The Keibul Lamjao National Park is located in the Bishnupur district of the state of Manipur in India. This national park is regarded as ‘’the world’s only floating park in the world’’. Spread within the range of 40 sq. kms, this breathtaking place is located in the North Eastern part of India. It is an integral part of
Loktak lake which is the largest freshwater of India.
Fauna or the animals found in this region:
The Keibul Lamjao National Park is home to several species of deer. The most significant deer among them is the Brow – antlered Deer which forms the major fauna of this region. This deer is also known as the Eld’s deer. It is regarde as the Manipur’s state animal.
In the 1950s, it was believed that the Eld’s deer had gone extinct. Surprisingly, it was rediscovered in Manipur. Sadly, by the year 1975 only a dozen or so animals remained in this area. These animals were found on the floating marsh called ‘’phumdis’’ in Manipur’s Loktak Lake. This lake has been declared as the Ramsar site according to the Ramsar convention act.

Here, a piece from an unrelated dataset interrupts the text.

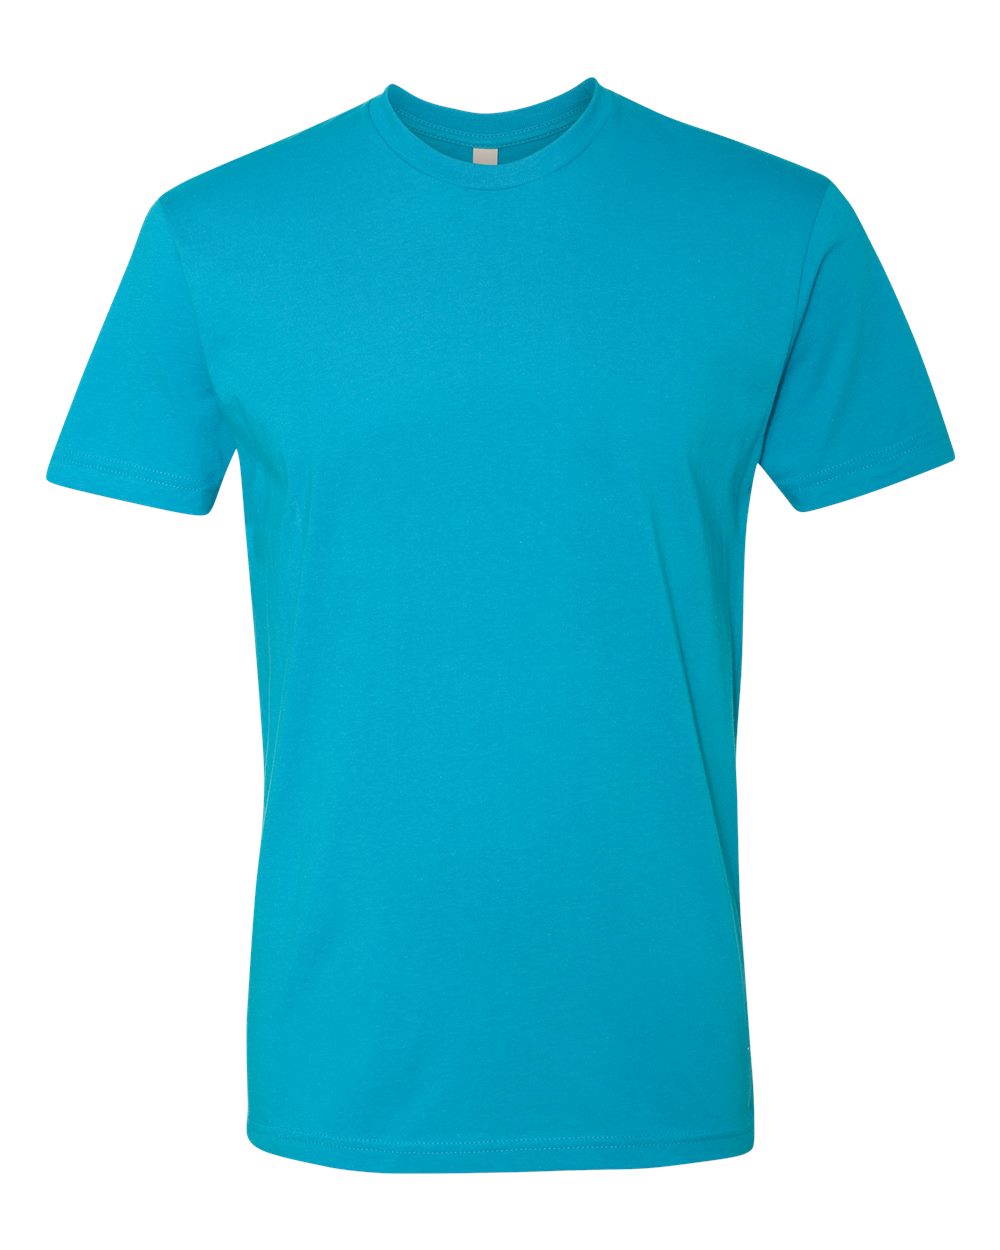 Next Level 3600 - Unisex Cotton T-Shirt $6.21 - T-Shirts

These marshy areas are continuously below the water level and they provide many recreational activities. Based on this, the marshland located on the southern end of the lake was marked and named as Keibul Lamjao National Park. In 1966, it was initially declared as a wildlife sanctuary. Subsequently in the year 1977, it came to be declared as the national park. Though, the exact numbers of deer in the park is not known, it is assumed to be at least a hundred today. These animals are in a verge of extinction here, they are faced with several threats to their habitats and themselves.

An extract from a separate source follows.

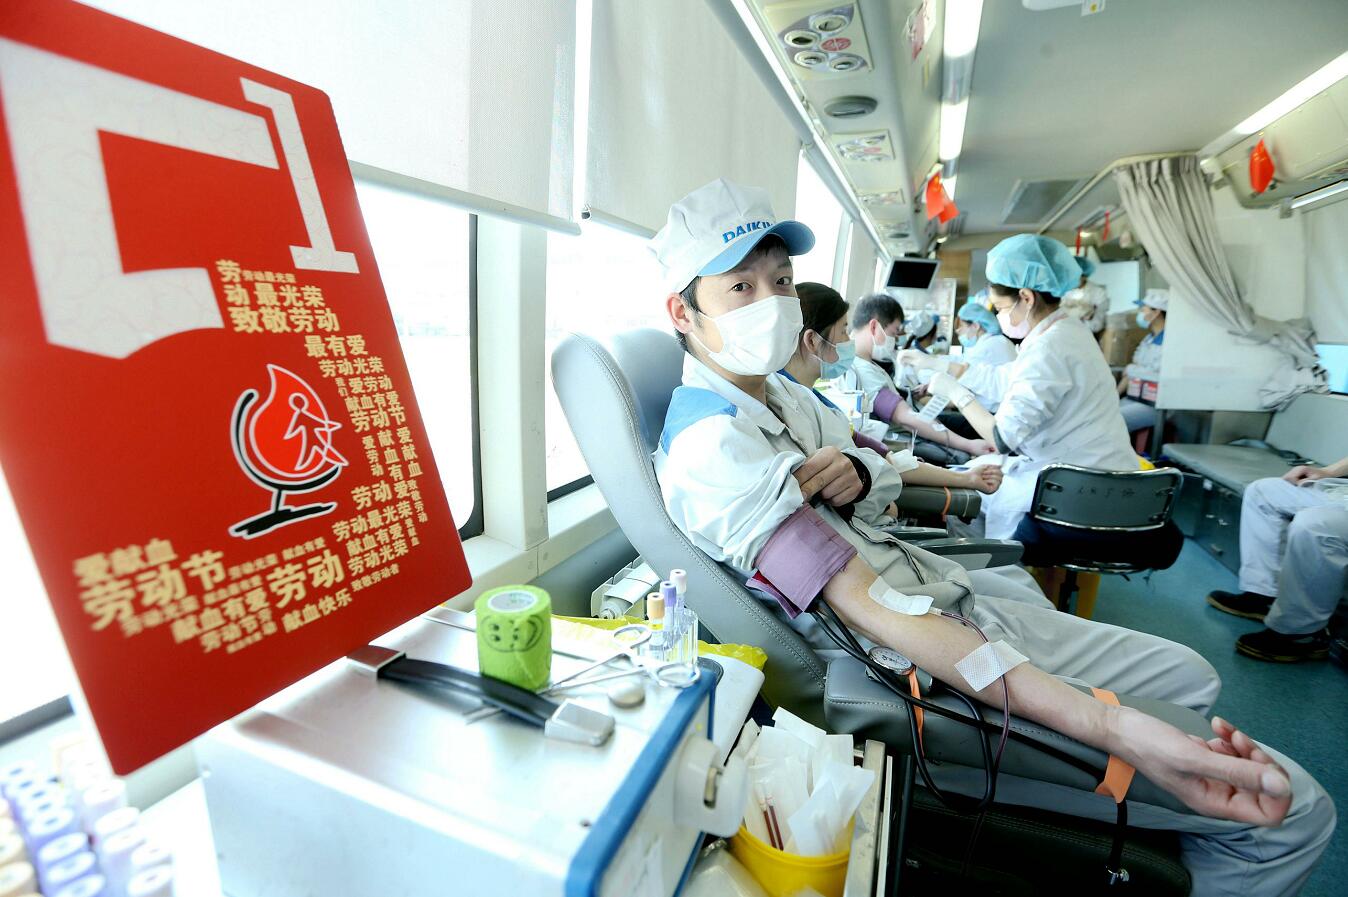 上海大金空调179名员工撸袖献血迎“五一”  企业坚持11年献血36万余毫升

The Brow – antlered deer or dancing deer or Eld’s deer or the Sangai is an Endangered species according to IUCN (International Union for Conservation of Nature).
Disappearing fauna – Reasons
There are many reasons but most of them are related to the development activities of human. The reasons to be considered are :
1) Poaching: Poaching is an illegal activity, these animals are hunted and killed for the purpose of meat largely by the locals here.
2) Overfishing: Fish also forms the fauna here, area characterized by the surrounding water is a livelihood for several fishermen. But sometimes, overfishing can lead to disruption in marine food chain.
3) This habitat is shrinking due to continuous flooding by high water caused by artificial reservoir of the National Hydroelectric Power Plant, Loktak.
Flora or plants of this region:
The National park is characterized by several floating decomposed plants locally called ‘’phumdis’’ on above which these animals reside. It is a floating mass of entangled vegetation formed by the accumulation of organic debris and biomass with soil.
There are also threats to these flora due to invasive alien plant species. Scientists are experimenting by using these flora to make energy.
Sanghai Tourism Festival:
The Sanghai festival is celebrated annually in the North Eastern state of Manipur. The ‘’Manipur Sanghai festival’’ is celebrated every year from 21st to 30th November.
It is the grandest festival of the state named after the state animal Sanghai, which is the critically endangered animal found only in the Manipur state, mostly in the Keibul Lamjao National Park.
The festival here is highly accompanied by the fusion of the state artistic culture and dance. The classical dance ‘’Rasleela’’ is an important part of the dance form in this festival.
If you are in a mood to travel just grab the bag and get off to the Lamjao National Park!